:: PROBLEM REQUIREMENTS ::
Please return the listing exactly as written, but without its pictures.

:: DATASET EXTRACT ::
════

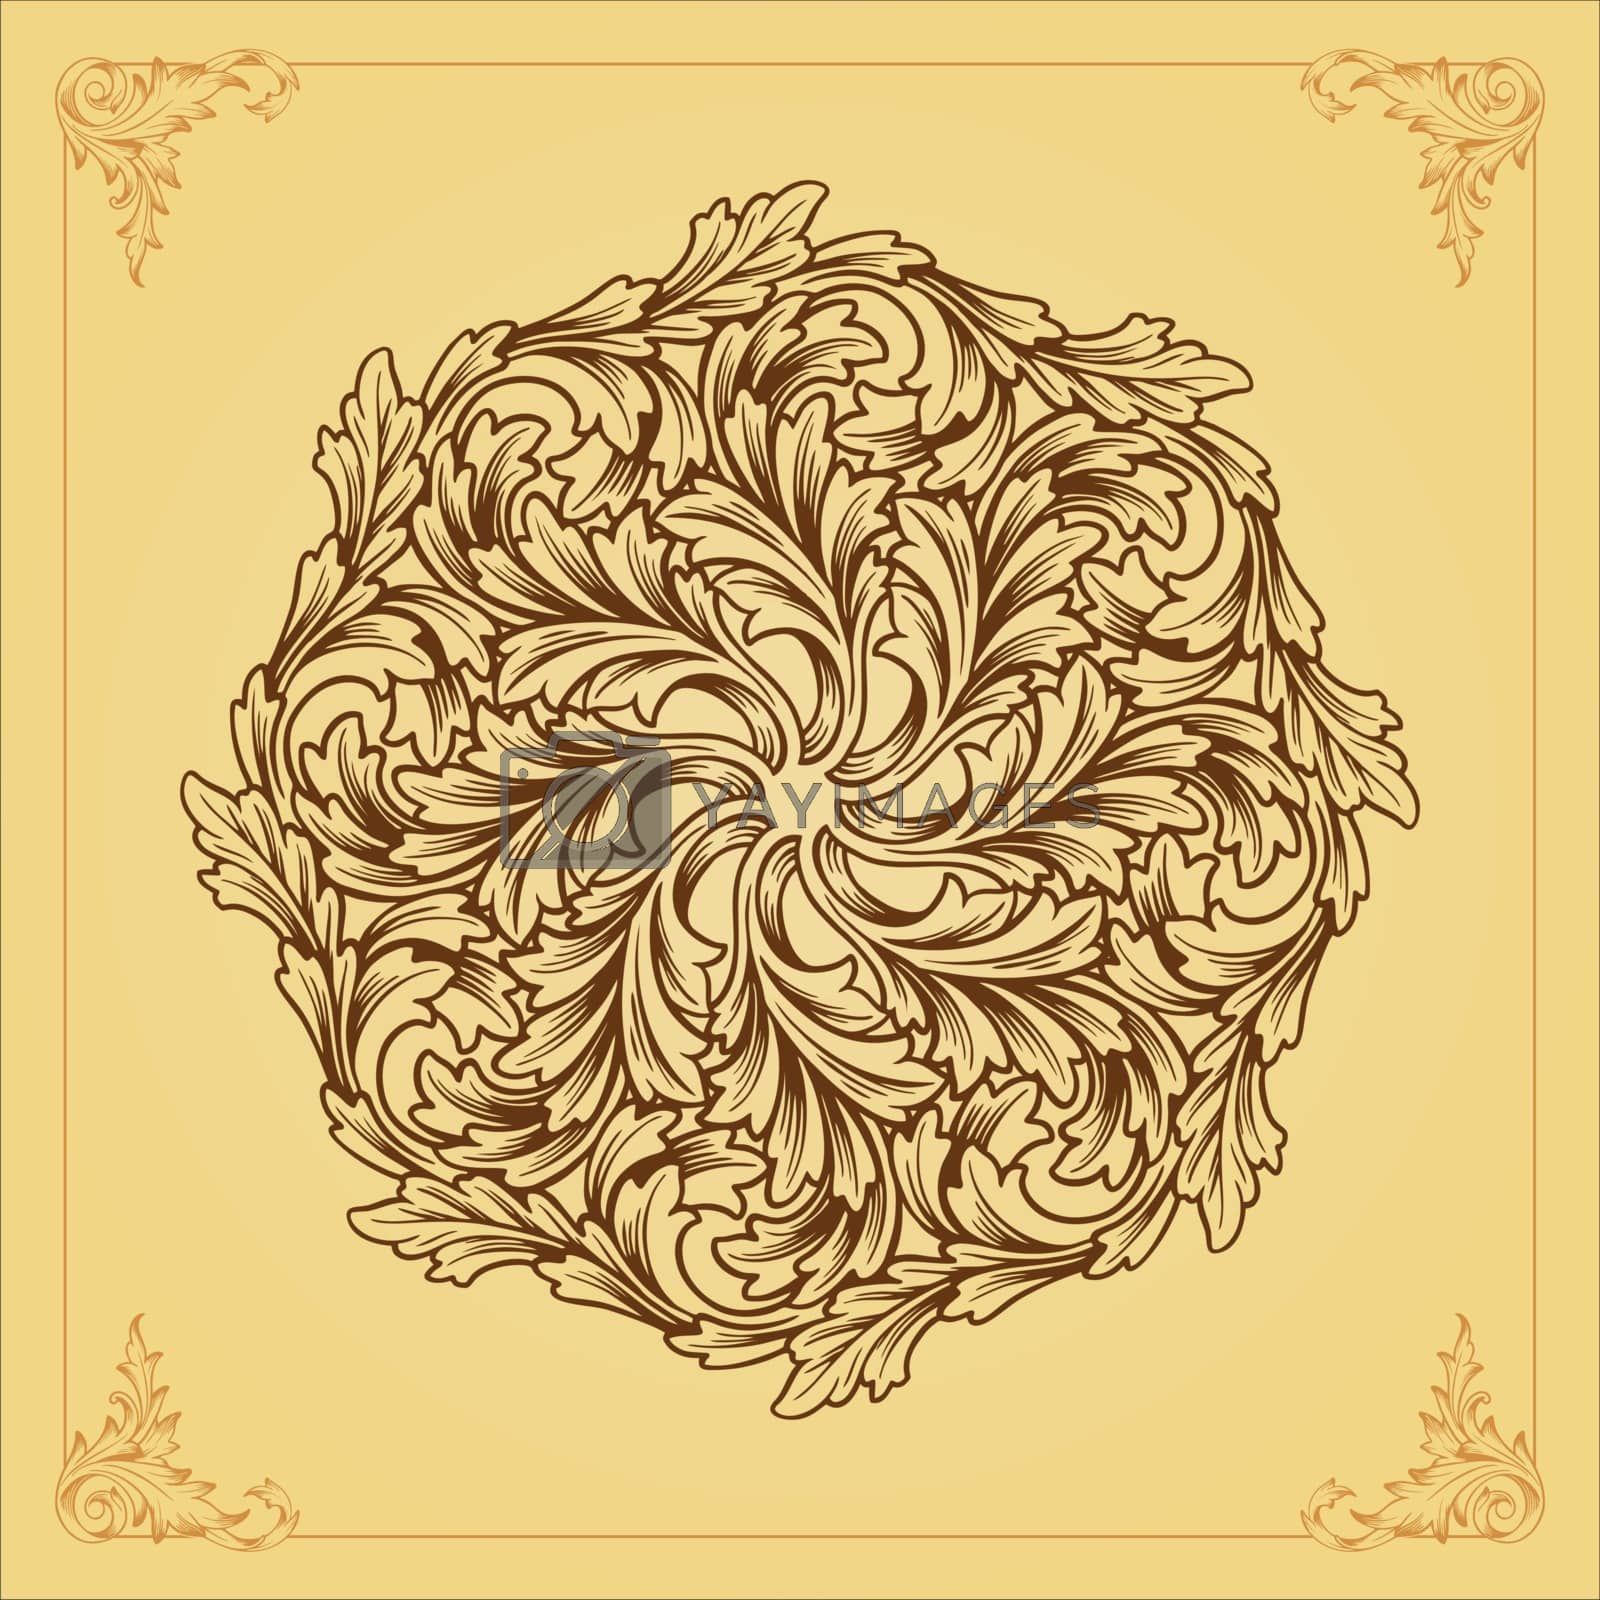 Royalty free image of Beatiful Mandala ornaments design flourish vector vintage your element set by art_graris
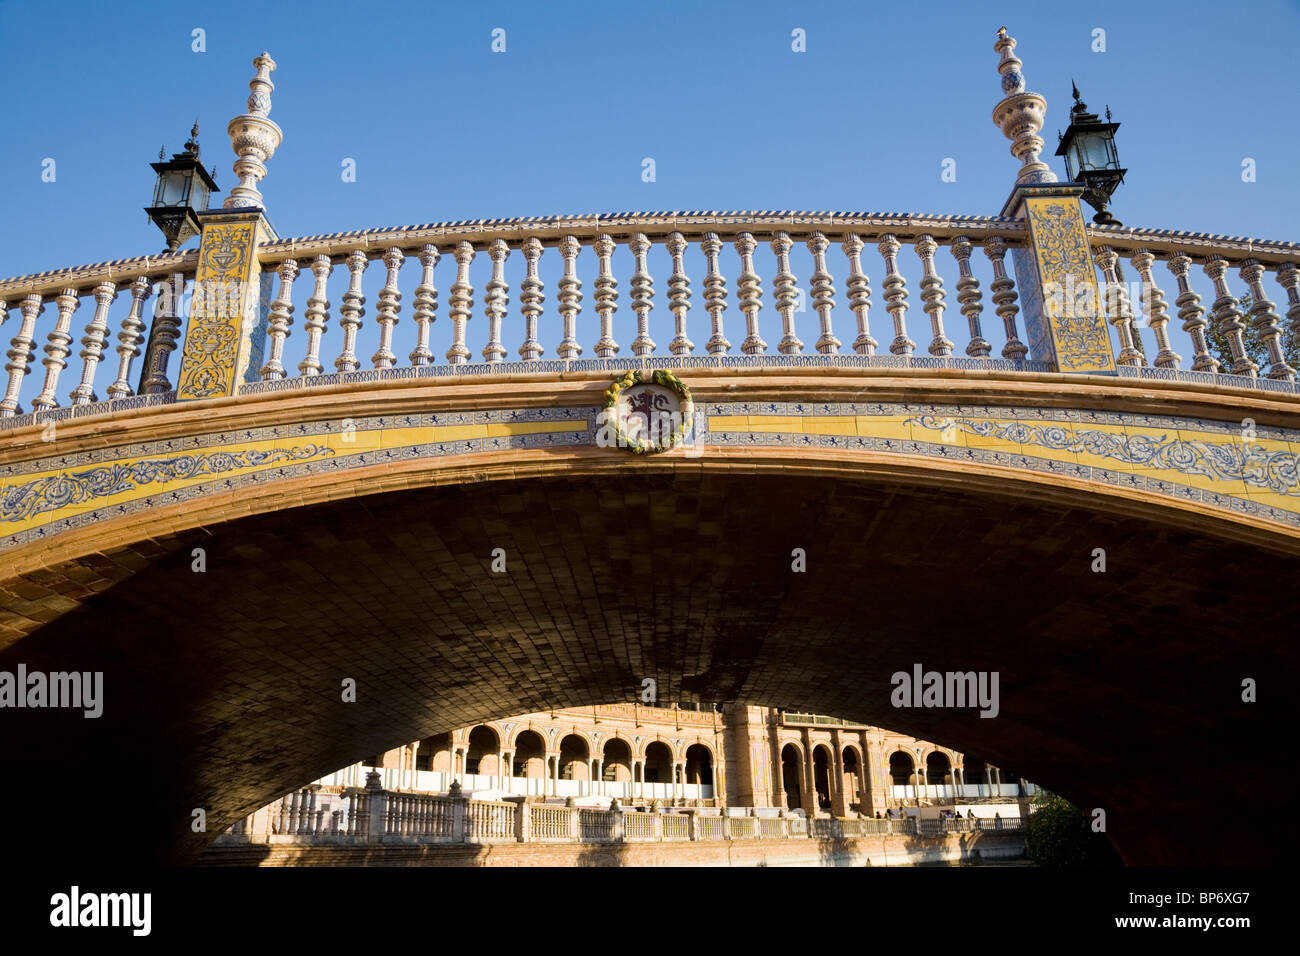 A bridge crossing / crosses over the moat of Seville's Plaza de España de Sevilla. Seville, Spain. On a sunny day with blue sky. Stock Photo
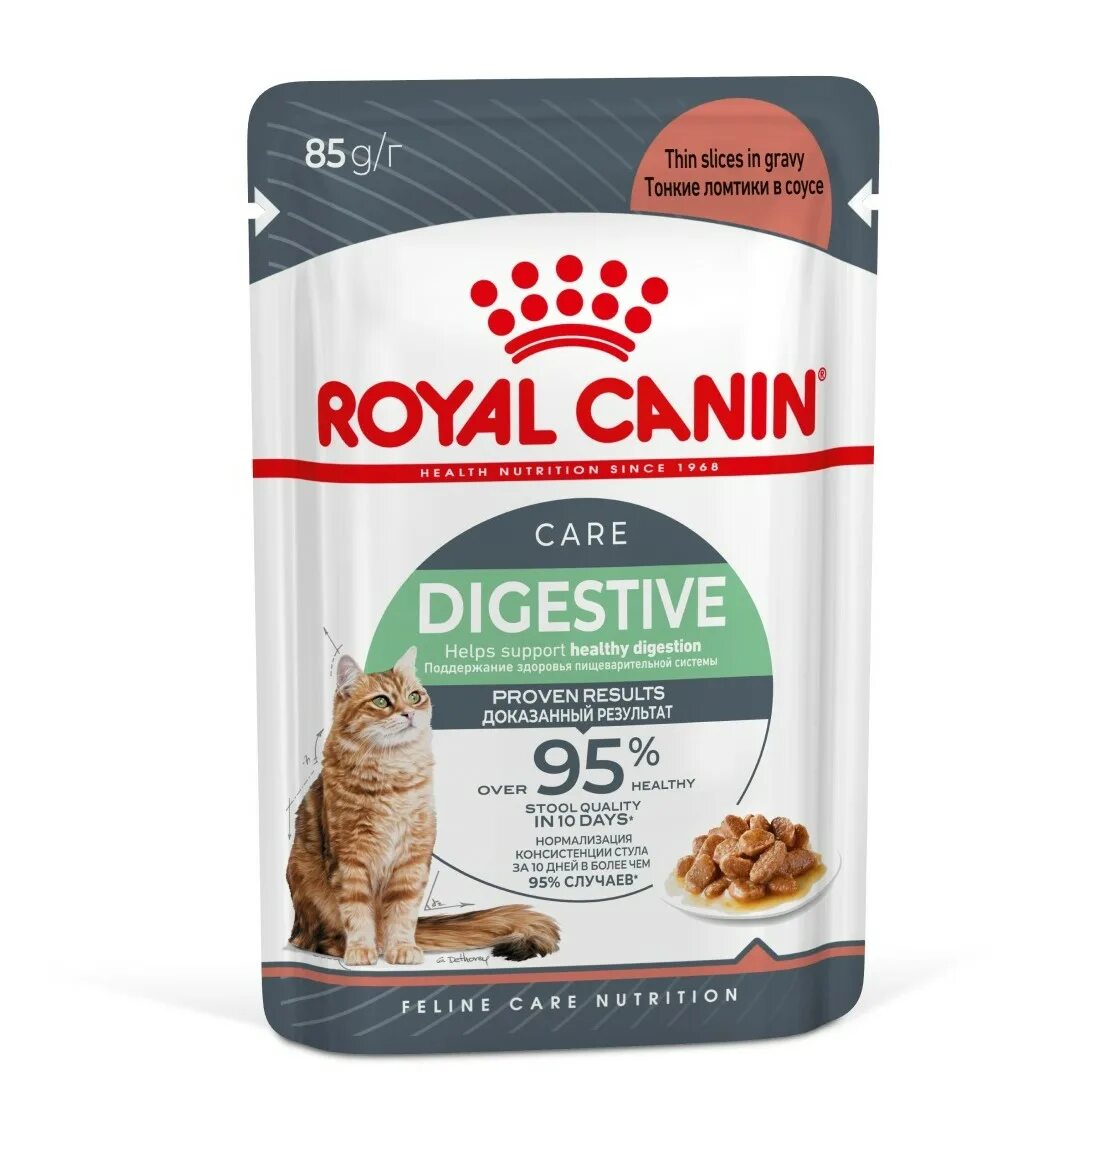 Royal canin digestive для кошек. Royal Canin Digest sensitive. Royal Canin Hairball Care Gravy 12*85g. Роял Канин Диджестив в соусе. Royal Canin Sterilised Jelly 12*85g.

════

:: COMPLETED EXERCISE ::
 Royalty free image of Beatiful Mandala ornaments design flourish vector vintage your element set by art_graris
 A bridge crossing / crosses over the moat of Seville's Plaza de España de Sevilla. Seville, Spain. On a sunny day with blue sky. Stock Photo
 Royal canin digestive для кошек. Royal Canin Digest sensitive. Royal Canin Hairball Care Gravy 12*85g. Роял Канин Диджестив в соусе. Royal Canin Sterilised Jelly 12*85g.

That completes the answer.